Michael Spratt is testing two theories: can the government retroactively extend how long a person must wait for a pardon, and will people pay to find out?
Spratt is a partner at Abergel Goldstein & Partners, and he’s trying to crowd-fund a constitutional challenge for one of his clients. Michael Charron — his client – confessed to trafficking cocaine in 2008. He was, himself, an addict, and was dealing to feed his habit. He accidentally tried to sell to an undercover police officer.
Charron confessed to the crime, took responsibility for his actions, and underwent addiction counseling. He cleaned up, and went back to school. He was counting on applying for a pardon after his life was adequately patched up.

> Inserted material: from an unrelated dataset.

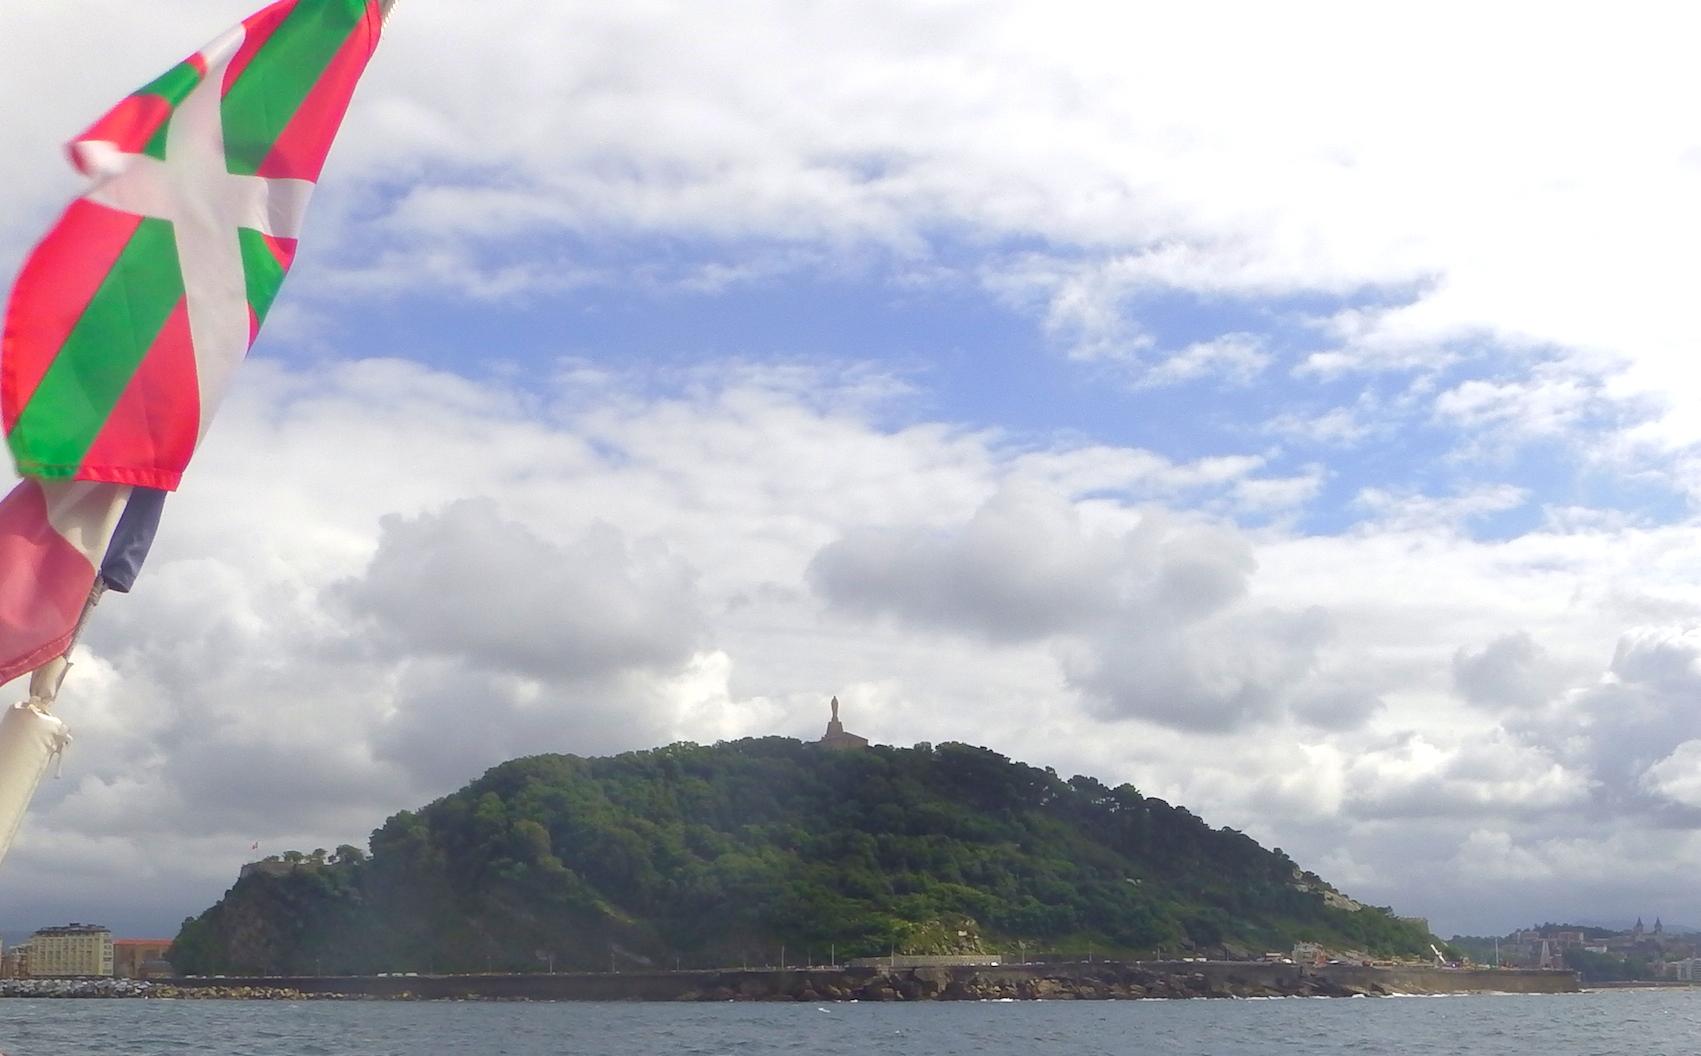 Semana-Grande-Feux-artifices-San-Sebastian-Le-cercle-evenements-agence-voyage-pays-basque-2

But in March 2012, the Conservative Government introduced Bill C-10. It was their omnibus justice bill that upended many aspects of the criminal justice system. One of the biggest changes came to the pardon system. In fact, it did away with “pardons” altogether. Bill C-10 introduced the idea of “record suspensions.” More importantly, it means that those with convictions will have to wait longer before they can suppress their criminal conviction.
For those with summary convictions, they will have to wait five years (up from three) whereas those will have to wait a decade (previously, they waited only five years.)
Those with more than three indictable convictions of two or more years will never be able to apply for a record suspension.
It’s a change that will fall hardest on those with drug convictions.